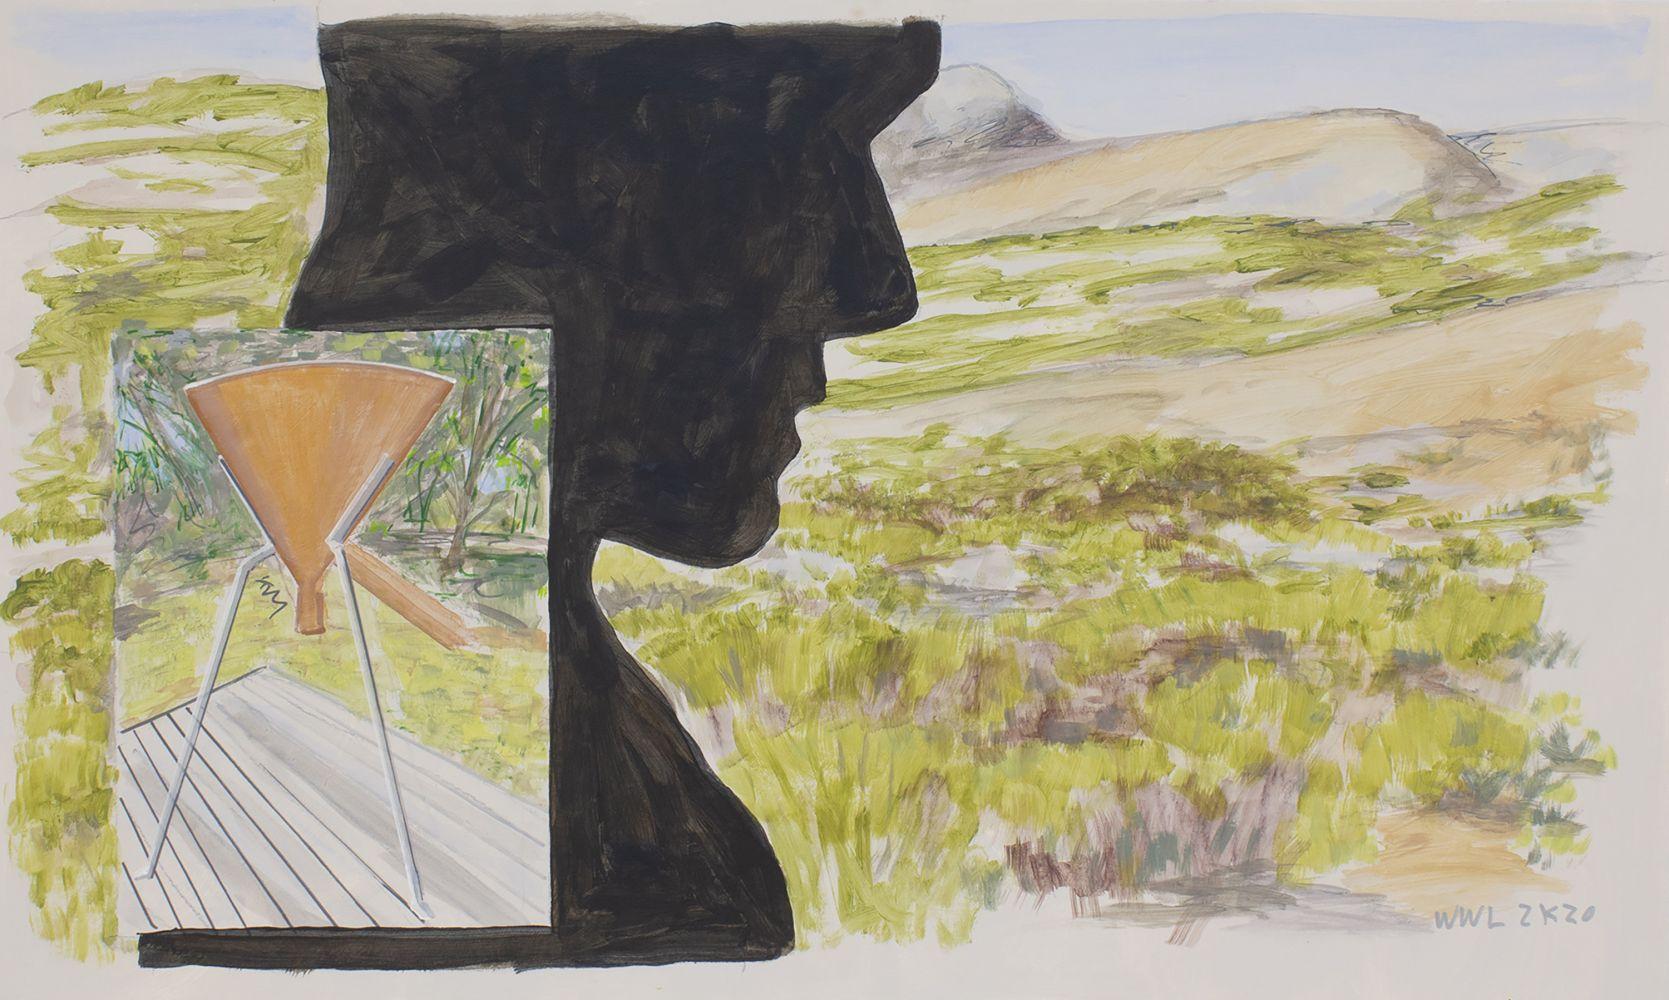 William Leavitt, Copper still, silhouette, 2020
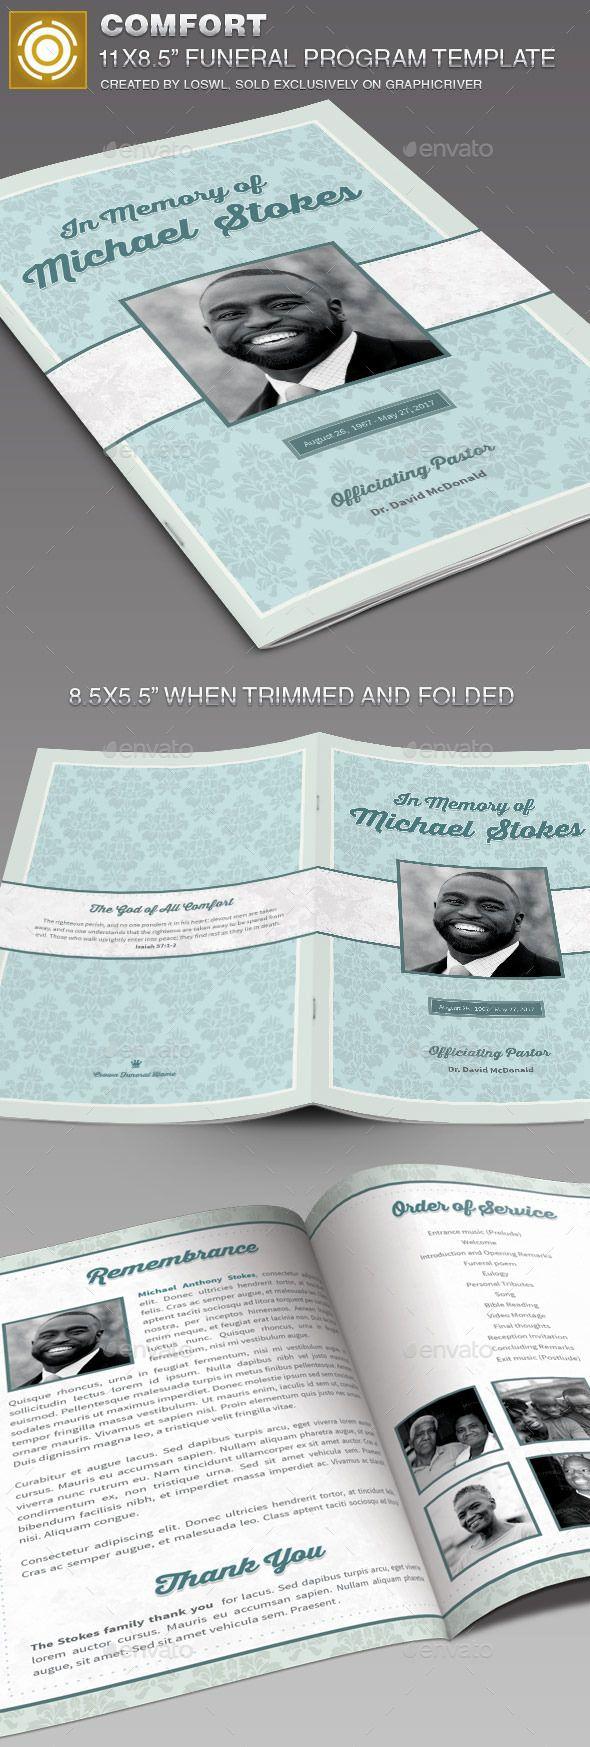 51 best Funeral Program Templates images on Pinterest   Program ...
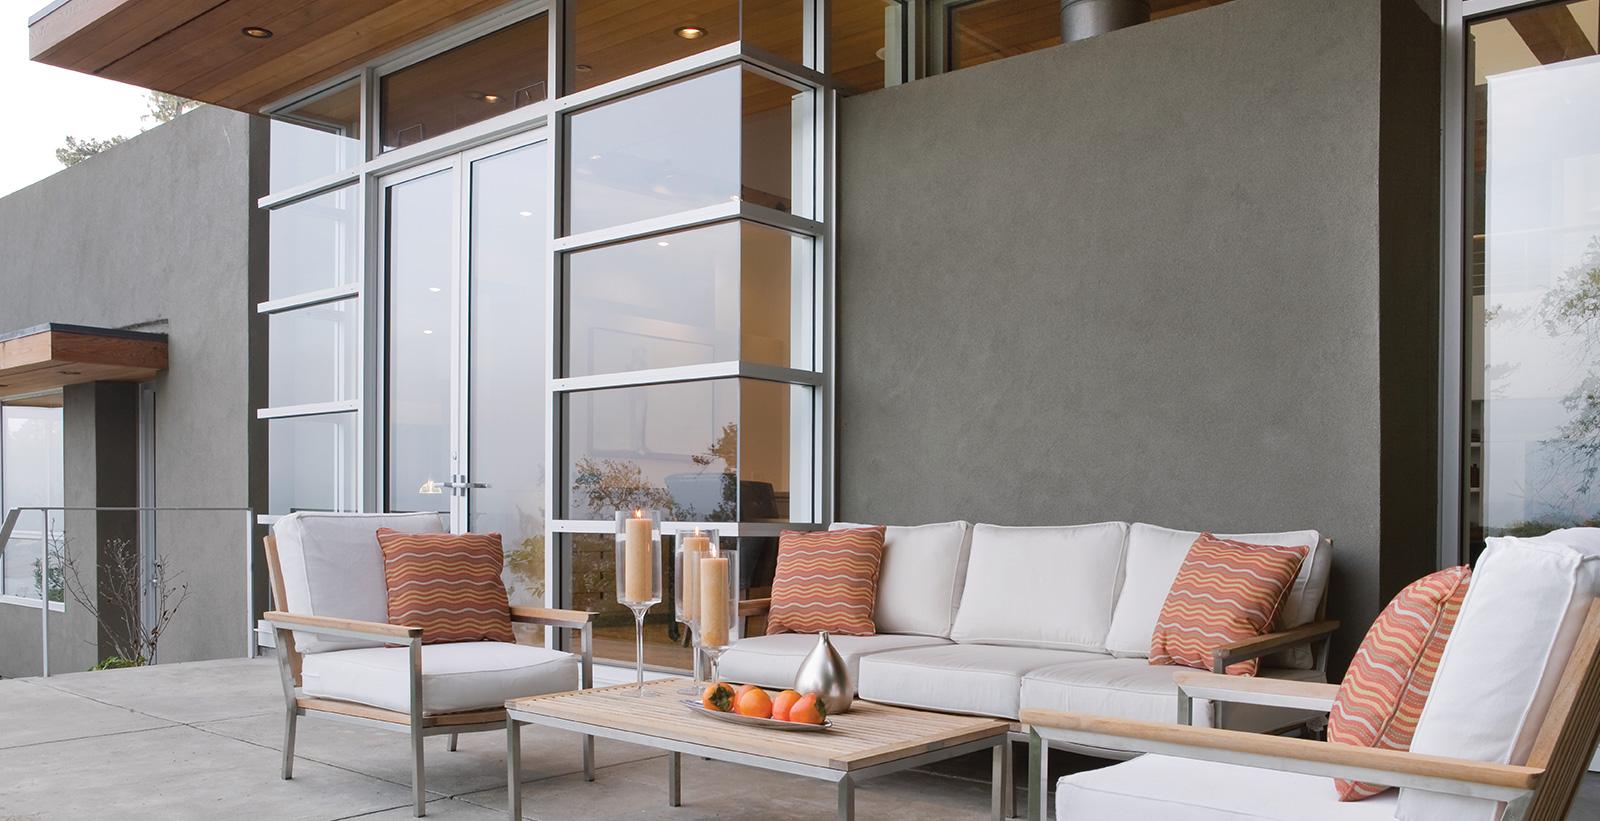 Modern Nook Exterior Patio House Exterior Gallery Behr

## [Assignment]
Copy nothing but the lines above from the one with "51 best Funeral" through the end of the material, word for word, and drop the pictures.

## [Finished exercise]
 51 best Funeral Program Templates images on Pinterest   Program ...
 Modern Nook Exterior Patio House Exterior Gallery Behr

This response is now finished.